May 21, 2020 A short trail that is quite beautiful can be found next to the Hoit Marsh on Hoit Road in Concord. There is a small parking area (Beware of large rocks in the parking area) on the right hand side of the road just after the marsh is you are coming in from the Mountain Road side heading east. The trail starts across the street from the parking area.
This trail is a typical woods trail, with some rocks and bridges that need to be walked over while hiking. There is a stream that runs through the property, and the largest diameter pine tree I have seen in a long time.
The area was once believed to be cow pasture due to the barbed wire fencing you will see from time to time. There are also several stone walls. Two persons working a full day could build eight to ten feet of stone wall. A look around shows a lot of time invested in moving rocks.

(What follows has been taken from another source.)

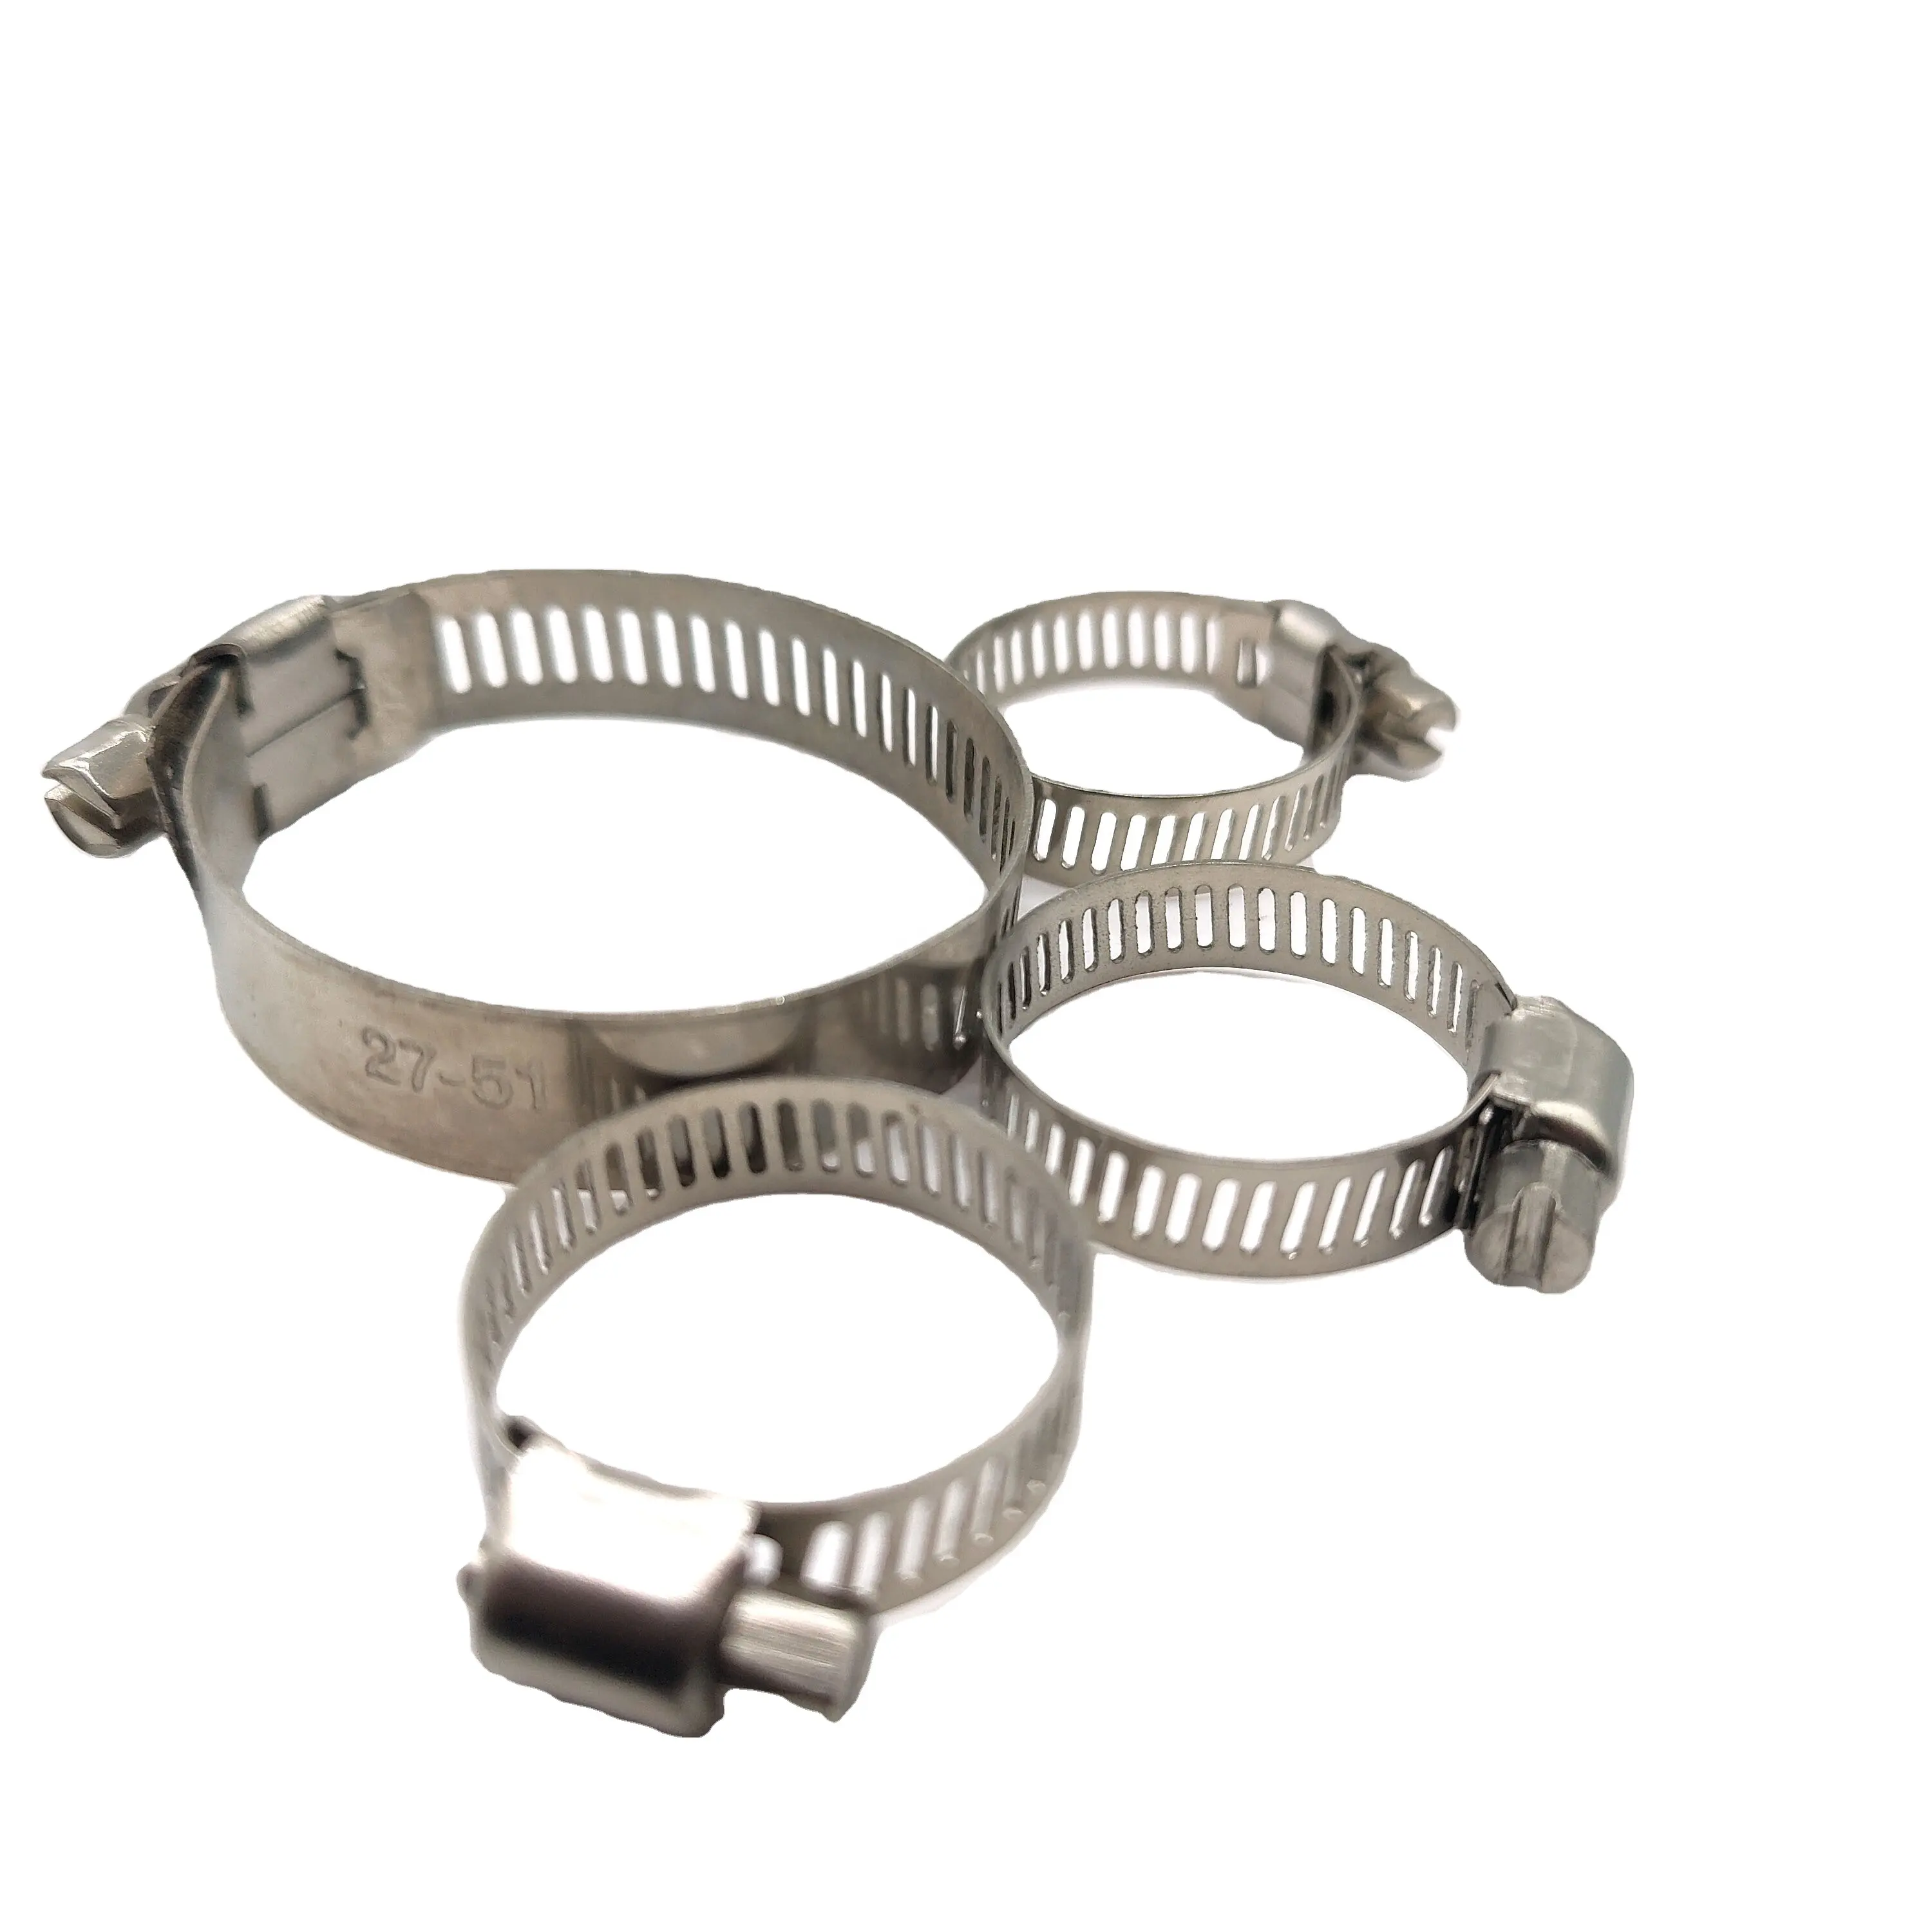 DIN 3017 Gear Drive Hose Clamp 1/4 316 Stainless Steel Heavy Duty Hose pipe Clamps JB /T 8870 China fasteners Factory

The trail brings you back to Hoit Road by the marsh, go directly across the street. If you look you will see the yellow paint on the tree straight across at the end of the guardrail. There is a trail sign that guides you to go right to the parking lot, but I recommend you go straight to the viewing platform. There is a tree that has fallen across the path, but it is easily crossed.
While heading to the platform I saw a Snapping Turtle in the pond that must have been 16 inches long, and was serenaded by a host of very loud frogs. The path to the parking lot from the viewing platform is wide and easy. It claims to be wheel chair accessible, but I would think it difficult to navigate, just saying. The total walk is 1.2 miles and will take about 45 minutes, not counting time to view the marsh.

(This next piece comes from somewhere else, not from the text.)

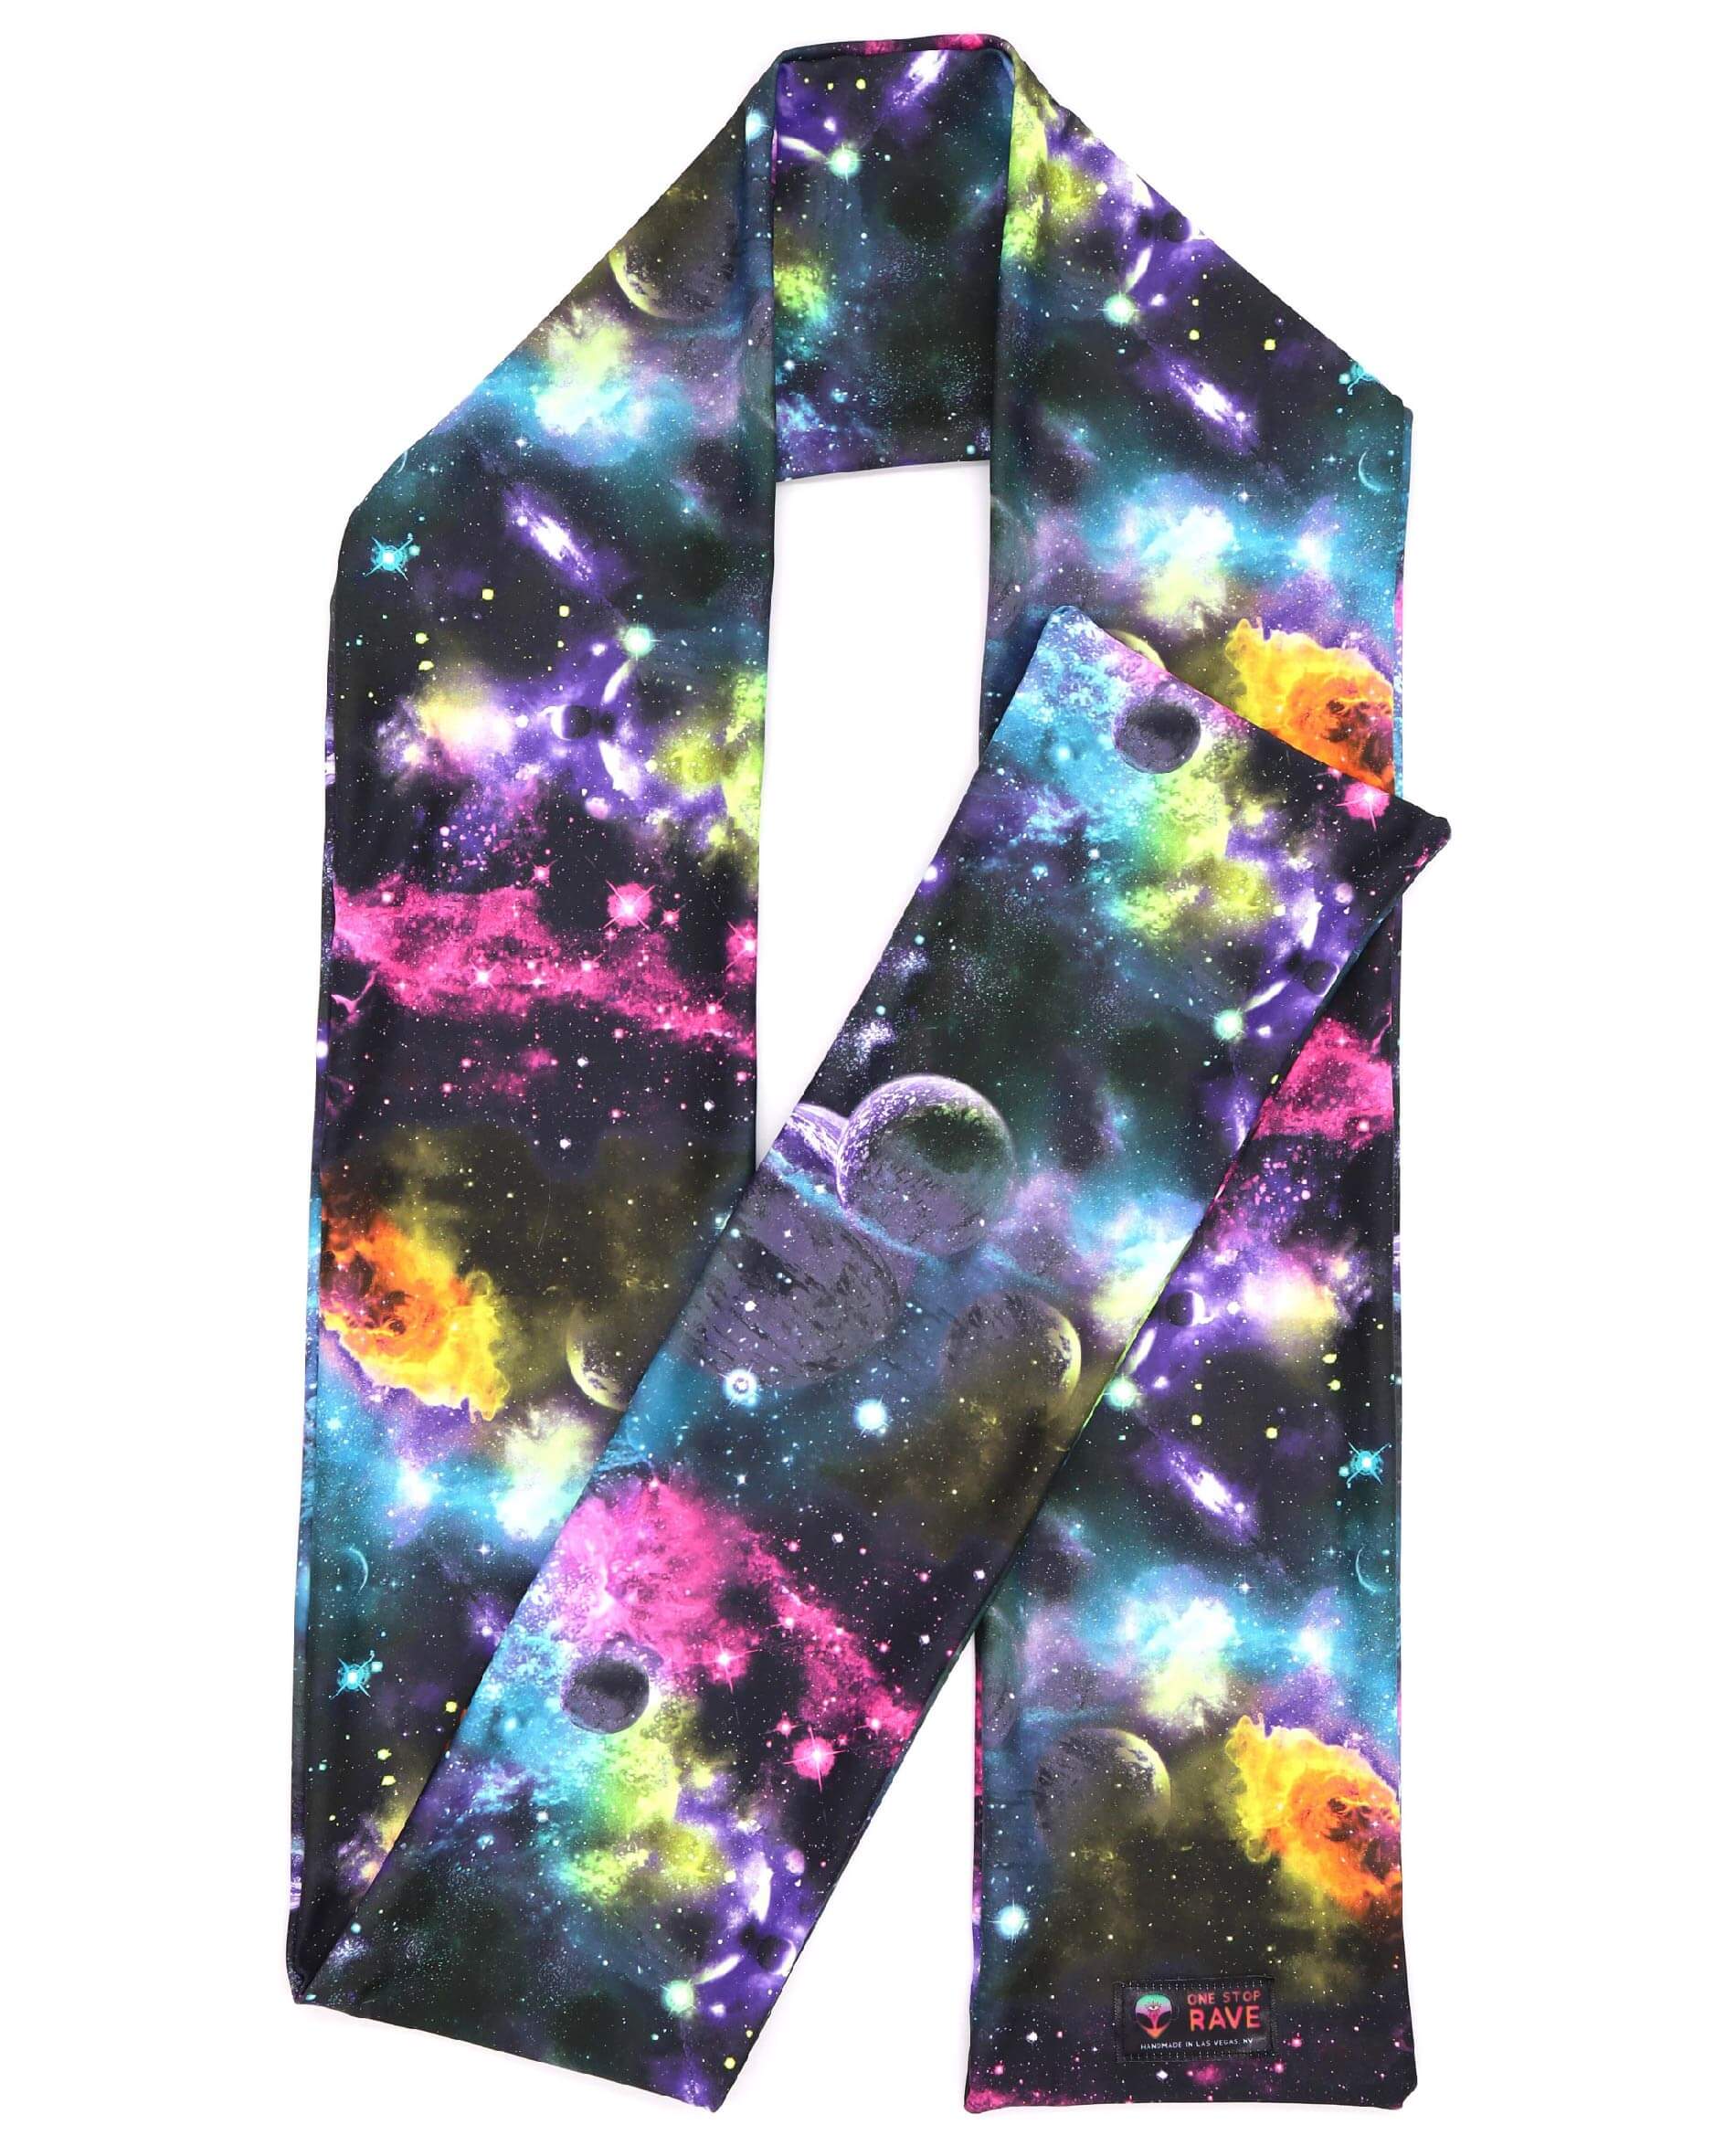 Space Dust Rave Scarf showing off the galaxy print

April 28, 2020. The Northern Rail Trail is accessed from Depot St. off of King St. in Boscawen, NH. I parked in the parking lot of All States Asphalt next to the small sign for the rail trail. This time I went left and traveled north on the trail which is easy walking and wheel chair accessible (up to the turn off I will come to shortly).
The Merrimack river turns away from the trail heading off to your right. The trail is not as scenic as the trail going south. About a half mile down the trail the rivers returns for a short time as it winds its way through the ever changing riverbed.

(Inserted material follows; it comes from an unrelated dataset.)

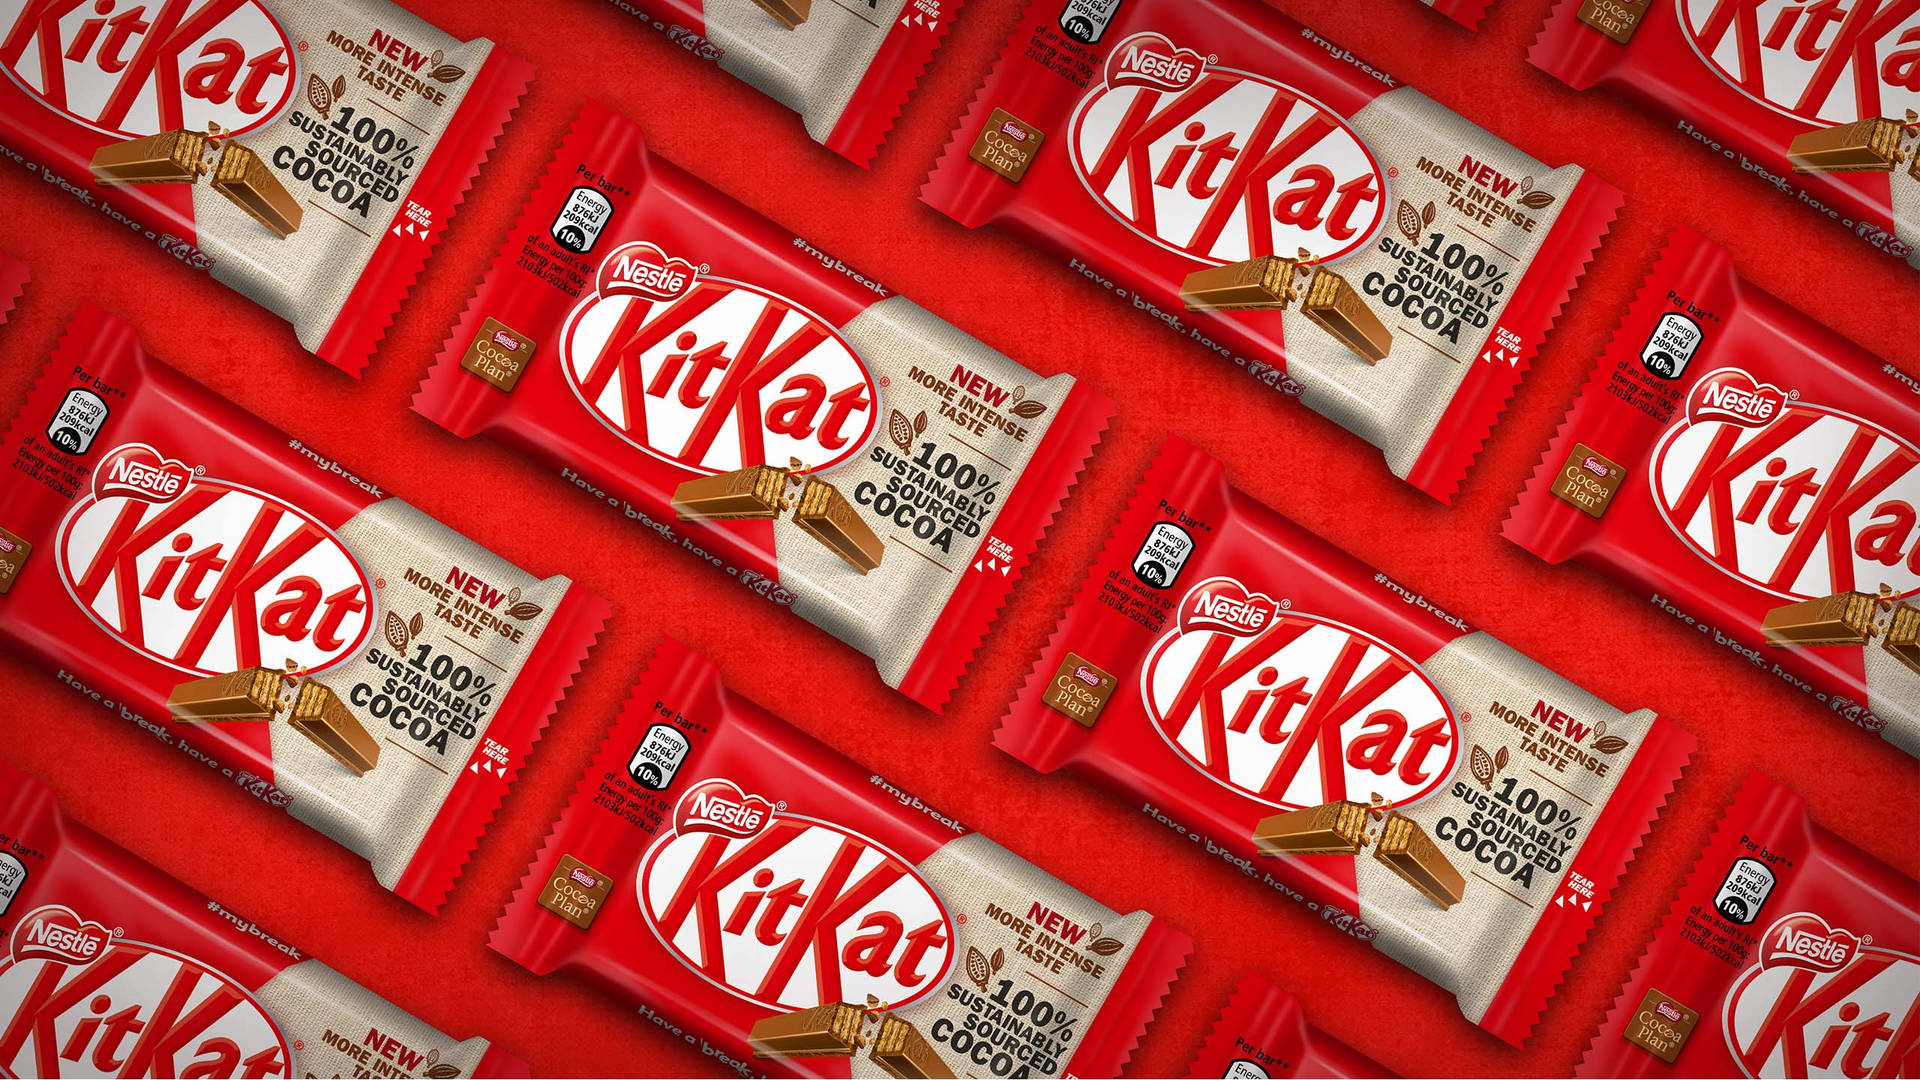 Kit Kat In Red Wrappers Wallpaper

The trail is straight and flat. About a mile and a quarter up the trail you will find the following mile marker.
Just ahead on the left you will see the following sign telling you that you have reached the New Hampshire State Veterans Cemetery. On the opposite side of the trail (that would be the right side going north) is an easy to follow quarter mile trail to the river.
The waters edge is right on the trail. Note that the drop off into the water is straight down and the water is moving fast. If you have a dog with you, do not let it into the river because it will not be able to get back out of the water.
The whole round trip is just under four miles and will take you and hour and a half. Enjoy.
April 17, 2020 Another good hike that is easy walking and safe is Sewall’s Falls Park Trails. I started at the large parking area on Sewall’s Falls Road at the new bridge crossing the Merrimack River. Head south and you will find and easy walk with the river on your left. This is a favorite trail for dog walking, and most people let there dog run free even though a leash is required. Go for 0.85 miles to Rotary Park at the location of the now washed away Sewall’s Falls Dam.
The dam washed away in 1984 but the base of the dam is still visible.
The dam was build in 1892 to divert water to the first commercial three phase alternating current electrical plant in the United States.
There is a parking area at Rotary Park and the end of Second Street in Concord in case you want to view this site without the river walk.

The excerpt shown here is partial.